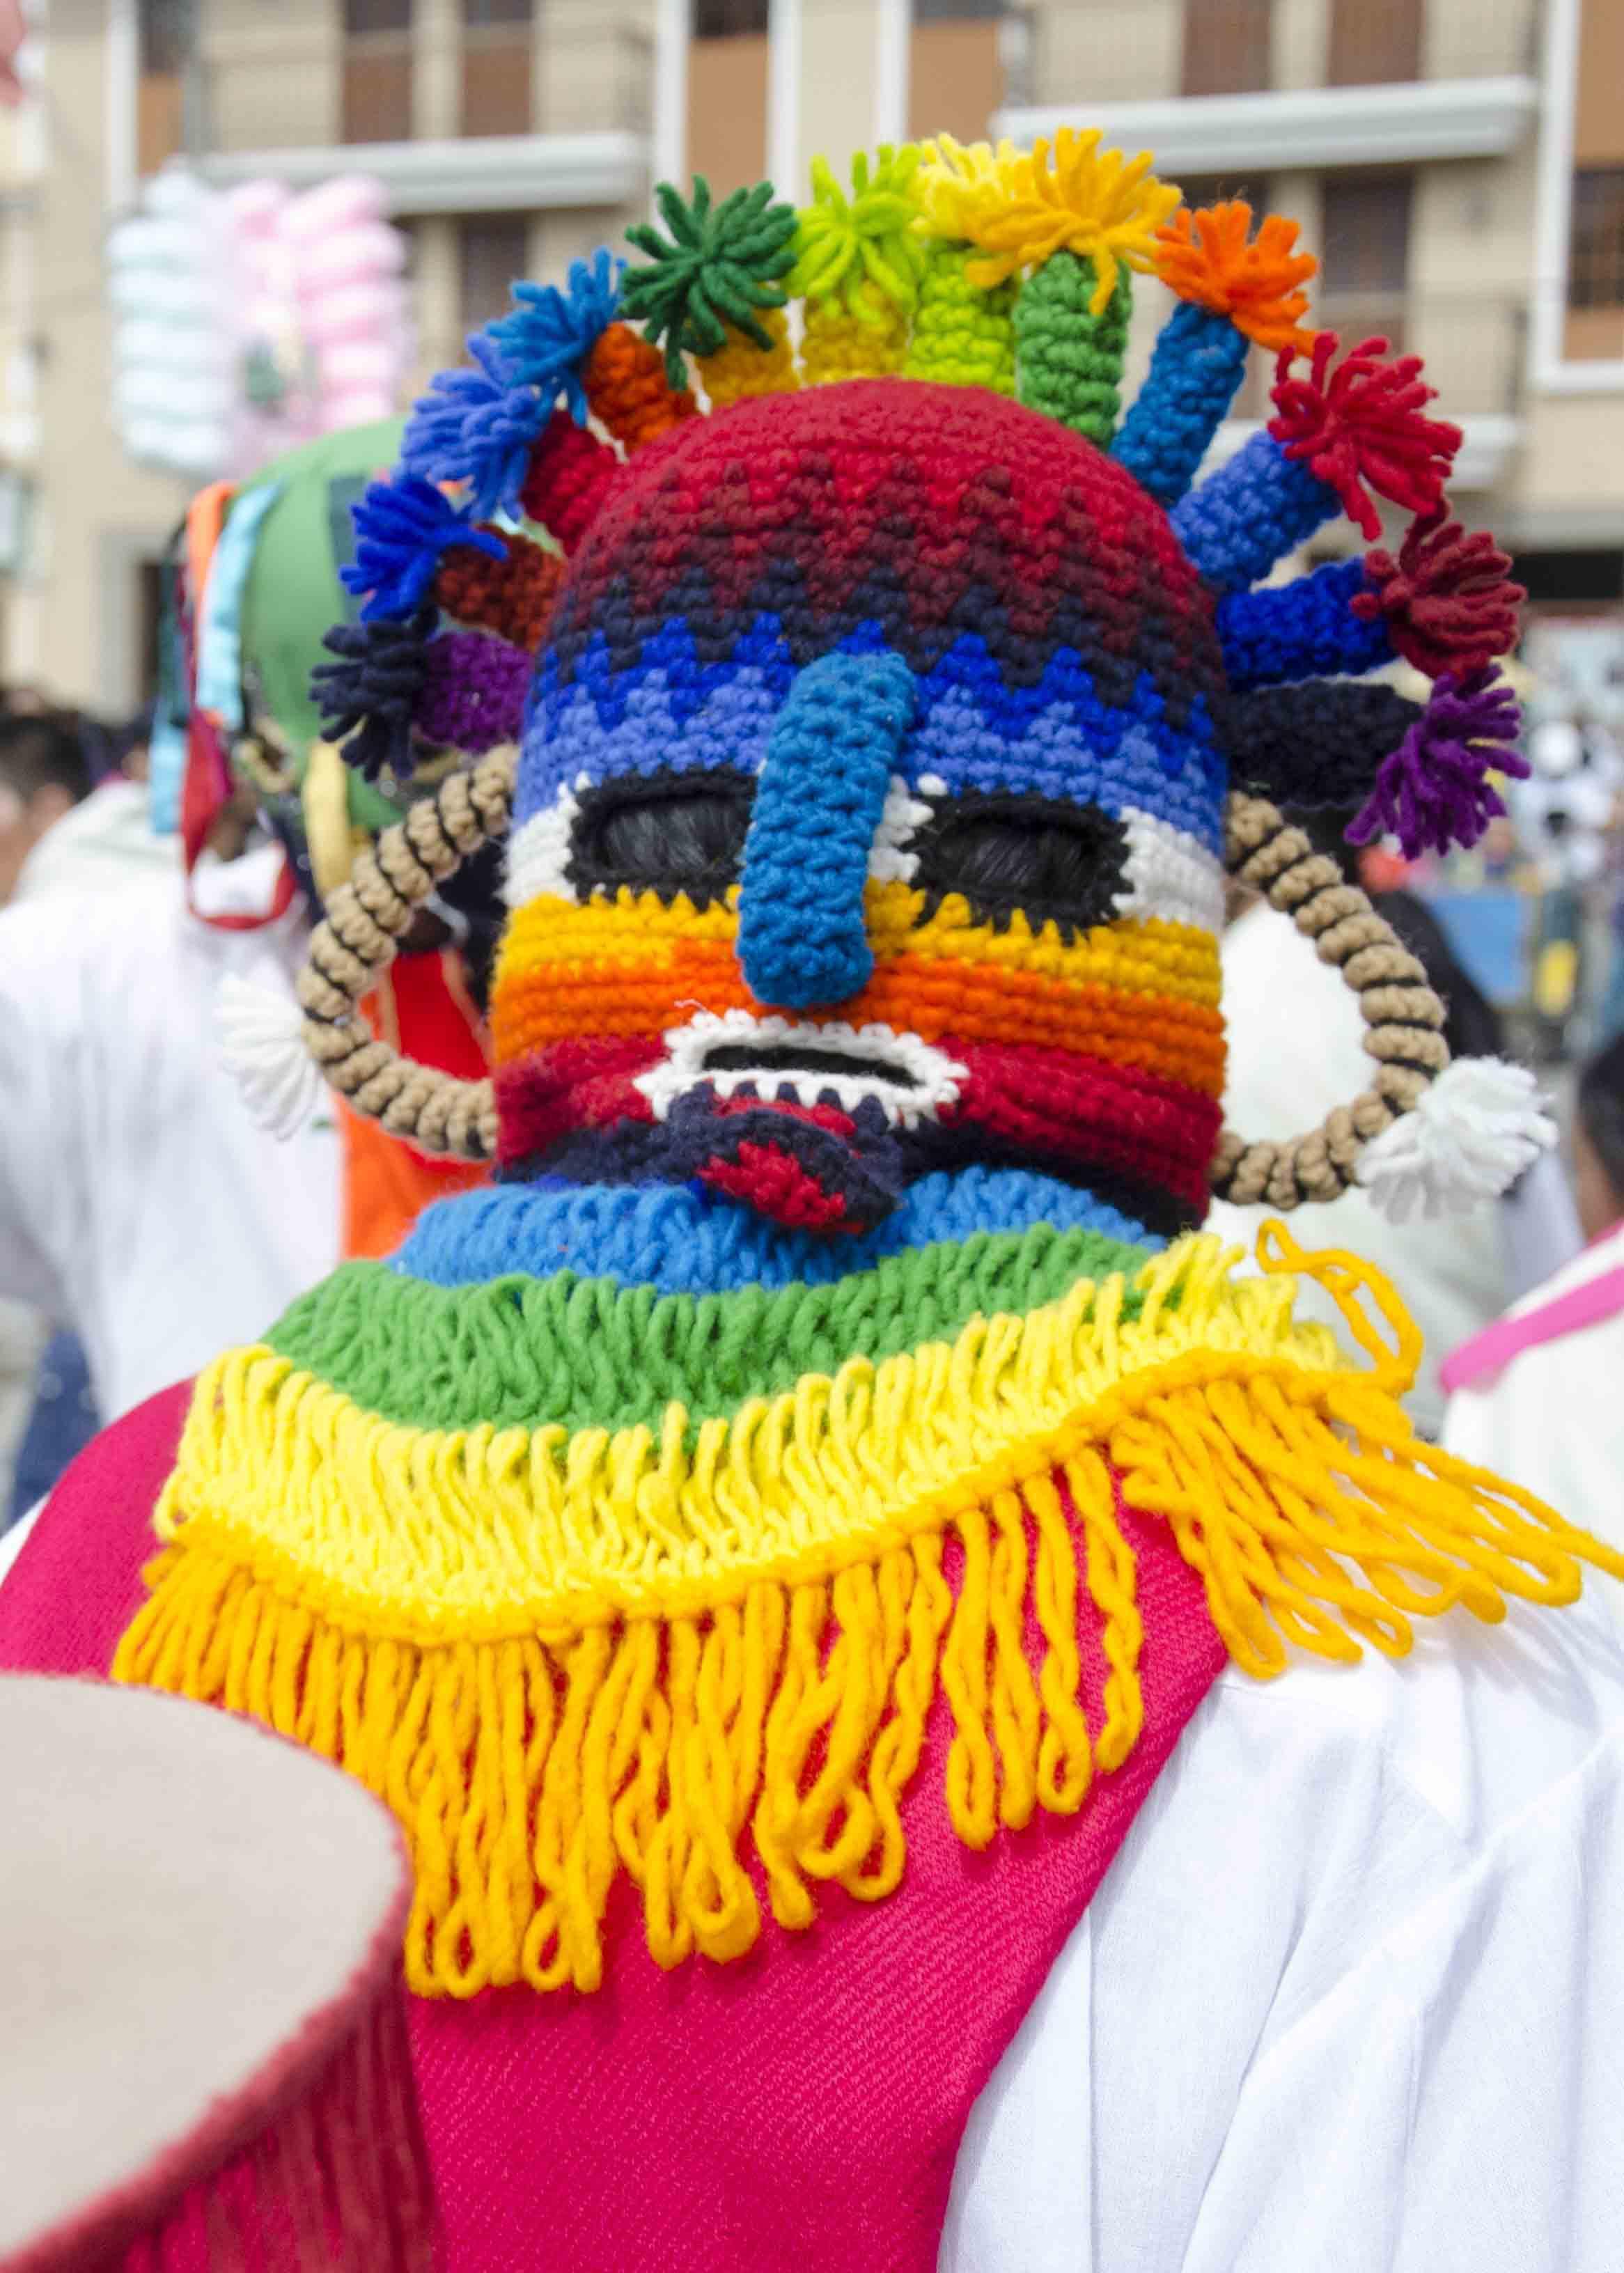 Aya Huma, Taking of the Plaza, School Children Day, Cotacachi, Ecuador
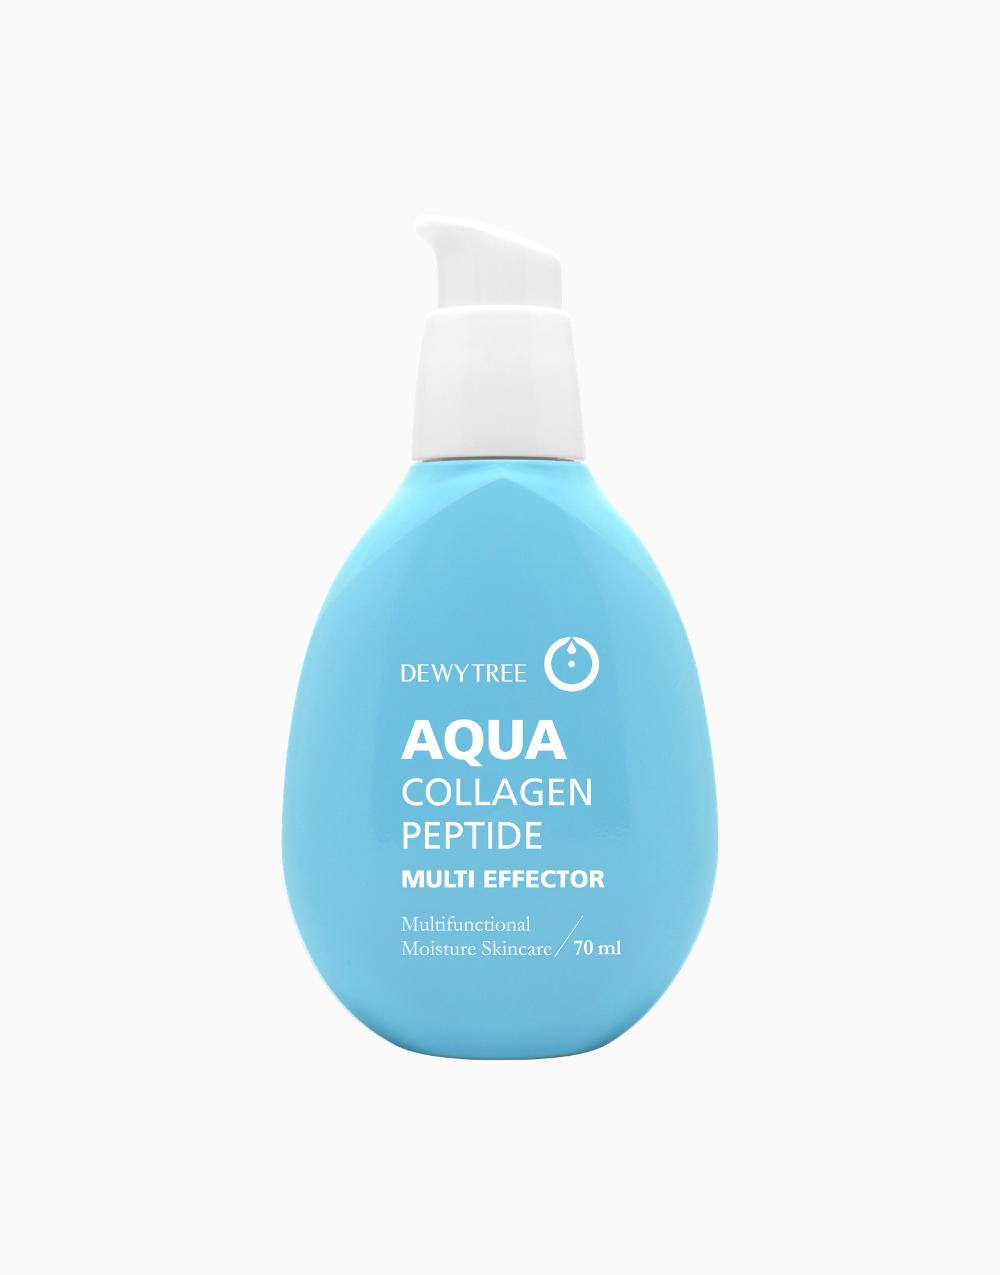 Aqua Collagen Peptide Multi Effector (70ml) by Dewytree
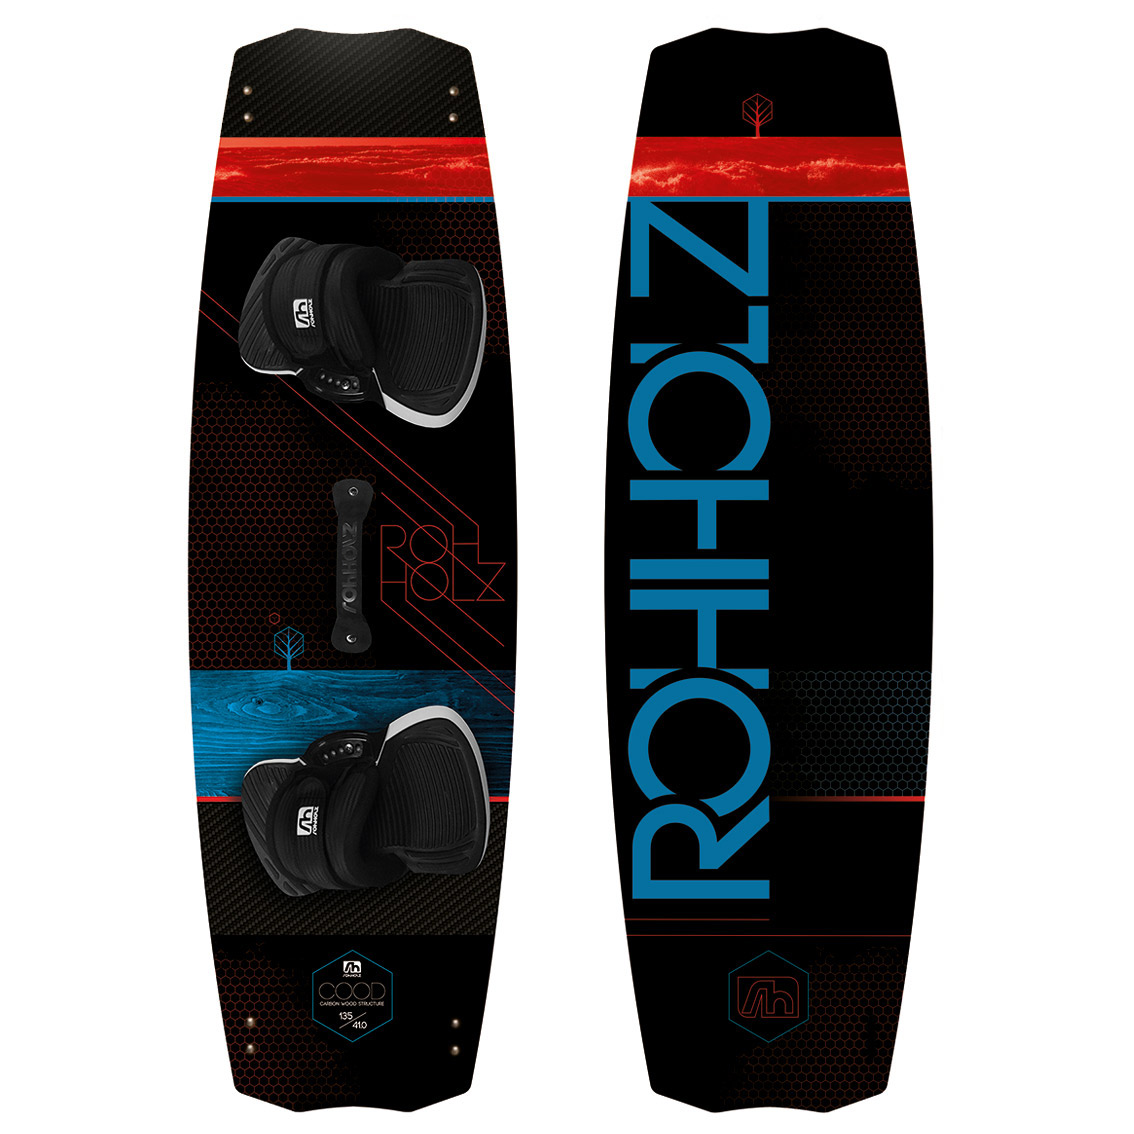 Rohholz Cood2 Kiteboard

* **PROBLEM REQUIREMENTS**:
Return every line above exactly, omitting images.

* **WRITTEN SOLUTION**:
 Aya Huma, Taking of the Plaza, School Children Day, Cotacachi, Ecuador
 Aqua Collagen Peptide Multi Effector (70ml) by Dewytree
 Rohholz Cood2 Kiteboard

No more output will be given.